Он был говоруном и забиякой, но при этом никогда не лез на рожон, не говорил ничего оскорбительного и проявлял в отношении амбрийцев должное уважение. Мы поели в приятного вида забегаловке и хорошо поговорили о рынках и вредных грубых мужиках. Ойло часто смеялся радостным заразительным смехом, и в бирюзовых глазах вспыхивали золотые искорки. От него исходило особое приятное чувство теплоты, и я радовалась нашей встрече.

Так получилось, что отплывали на материк аргонцев мы уже вместе. Ойло был торговцем, и он тоже возвращался на Аргон.

Наир и Аган отправились со мной, хотя я уговаривала их остаться. Доказывала, что справлюсь сама, но они отвечали всегда одно и то же: «Бакар Шибан оказал нам честь сопроводить тебя до порта Рок. Мы будем охранять тебя, пока не ступишь на землю аргонцев, ири Фрэйа». Я была рада их преданности, но не видела в ней необходимости.

От Трека мы плыли до пограничного острова Тун еще три недели. А затем до материка аргонцев — около полутора месяцев. Это было трудное плавание, дважды налетал ужасный шторм. Не скажу, что мне совсем не было страшно: это было не слишком приятное путешествие. Дома я ходила только на маленьких лодках, и то для развлечения. Здесь моя жизнь зависела от других людей. Я знала, что Бури в любую минуту придет мне на помощь, дав возможность переместиться, но все равно чувствовала себя неуютно. В особенности потому, что боялась за всех остальных. Мне было тесно на судне, хотя при хорошей погоде мчаться вперед, ловя лицом соленые брызги и бешеный ветер, было весело.

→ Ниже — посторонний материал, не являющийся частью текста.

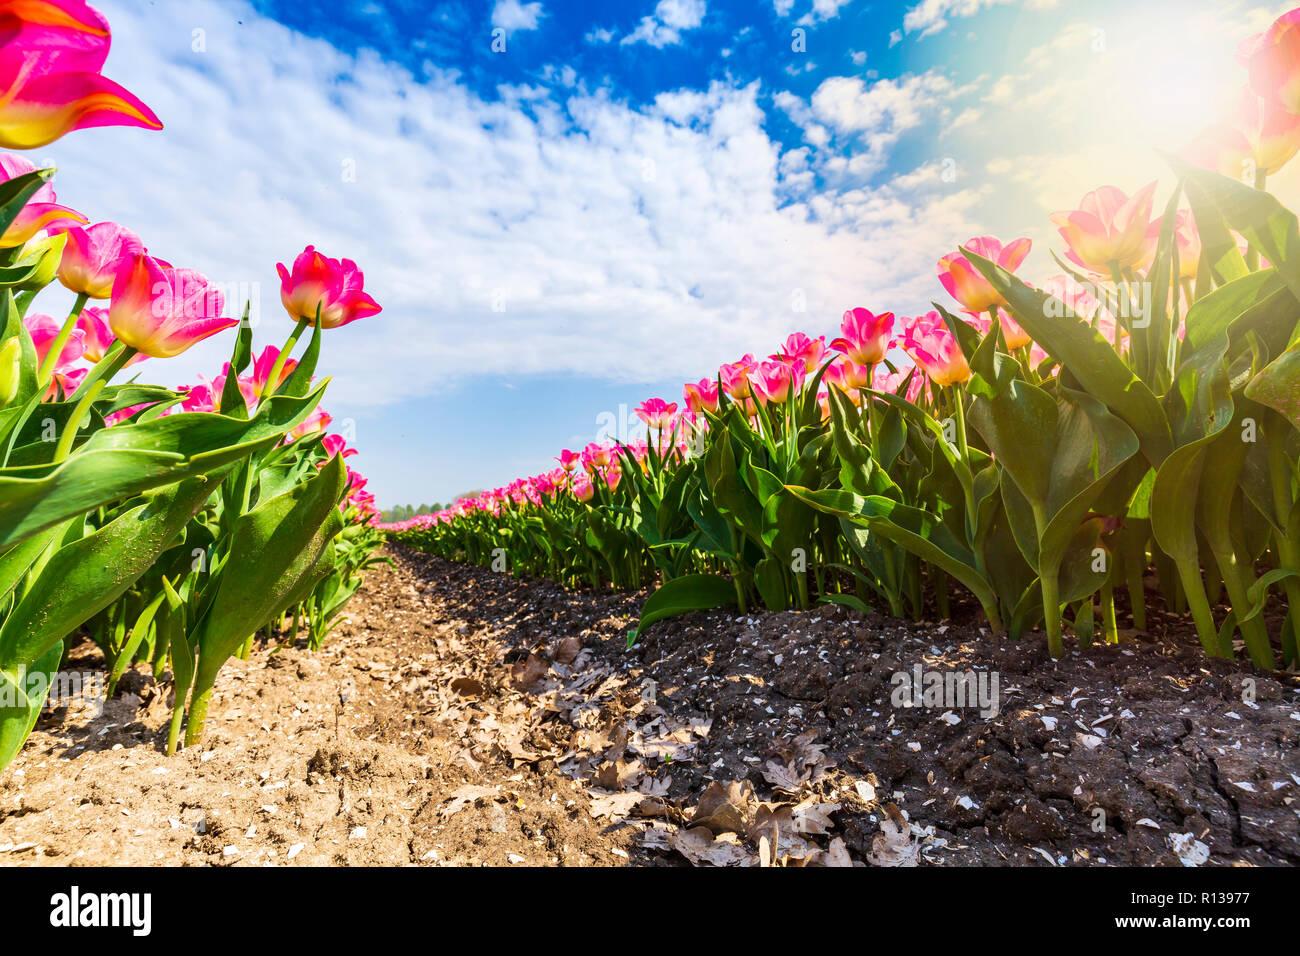 196843ba68ef Primer plano de las filas rosa tulipanes holandeses en un campo de flores  durante la primavera en un día soleado con el cielo azul
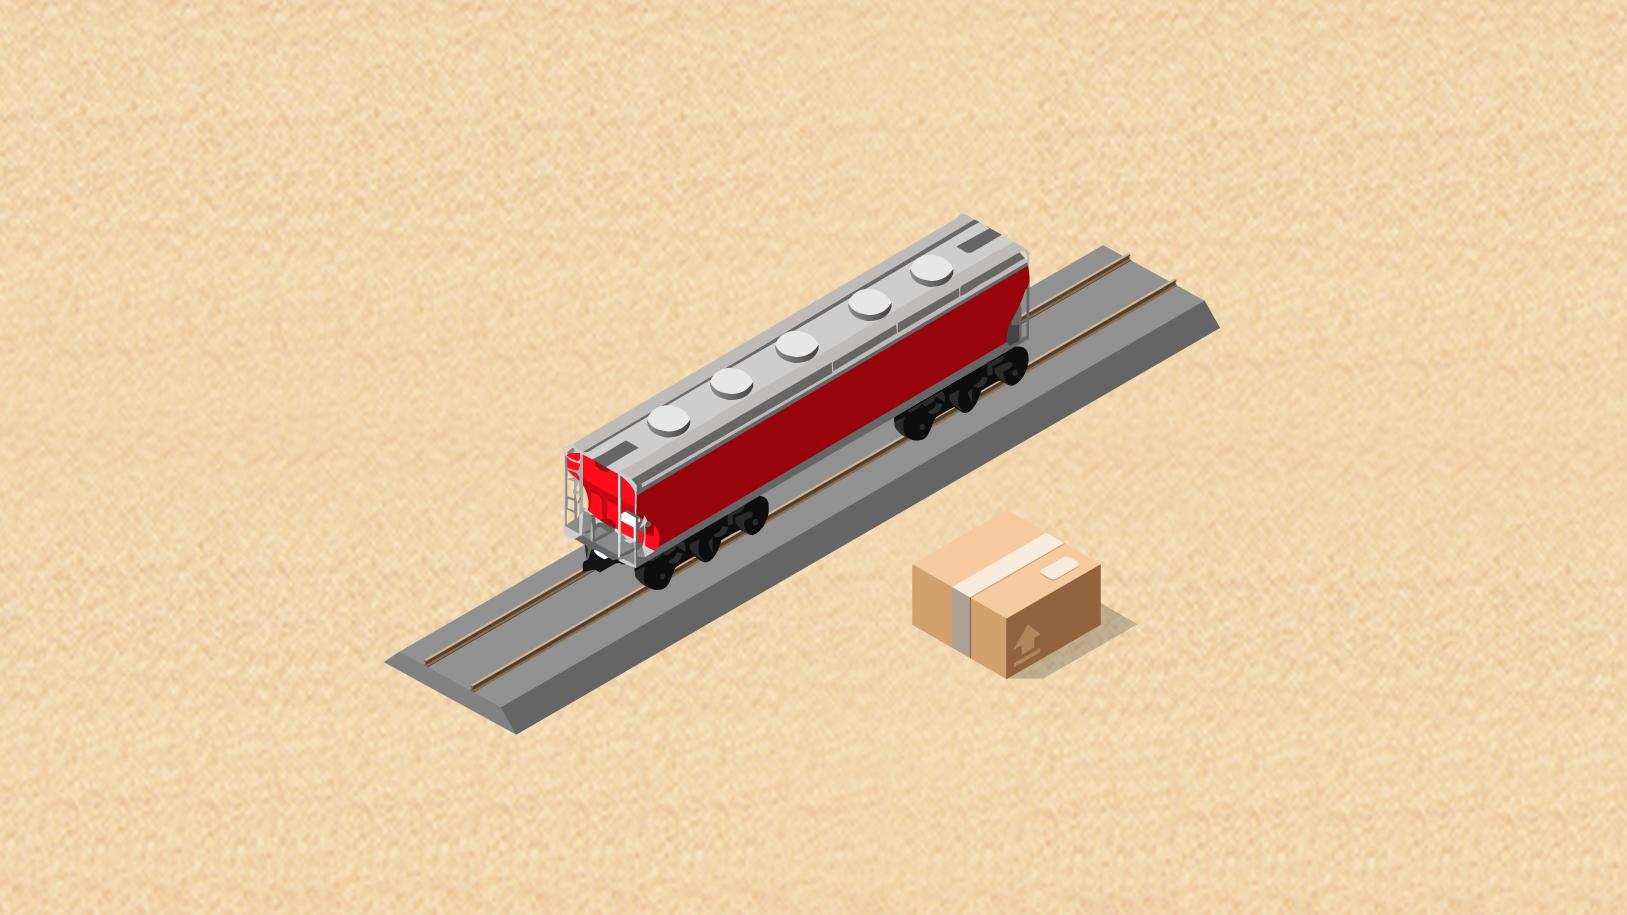 您的快递正在成雅铁路上,请注意查收!

С Ойло мы подружились сразу и крепко. В одну из ночей, когда мы были в каюте только вдвоём, я ему всё и рассказала. О том, что путешествую по мирам, о том, откуда я. Он выслушал внимательно и отнёсся к сказанному серьёзно: мгновенно и без колебаний поверил мне. Не знаю, в чём было дело, скорее всего, в нём самом. Он был удивительным человеком! Не таким суетливым и рассеянным, как Эван, и не таким спокойным и рассудительным, как Маир. Скорее они с Алеардом были чем-то похожи. И не только рыжестью и ростом, но и синим бесстрашным пламенем, обитавшим в сердце и вспыхивающим иногда в глазах.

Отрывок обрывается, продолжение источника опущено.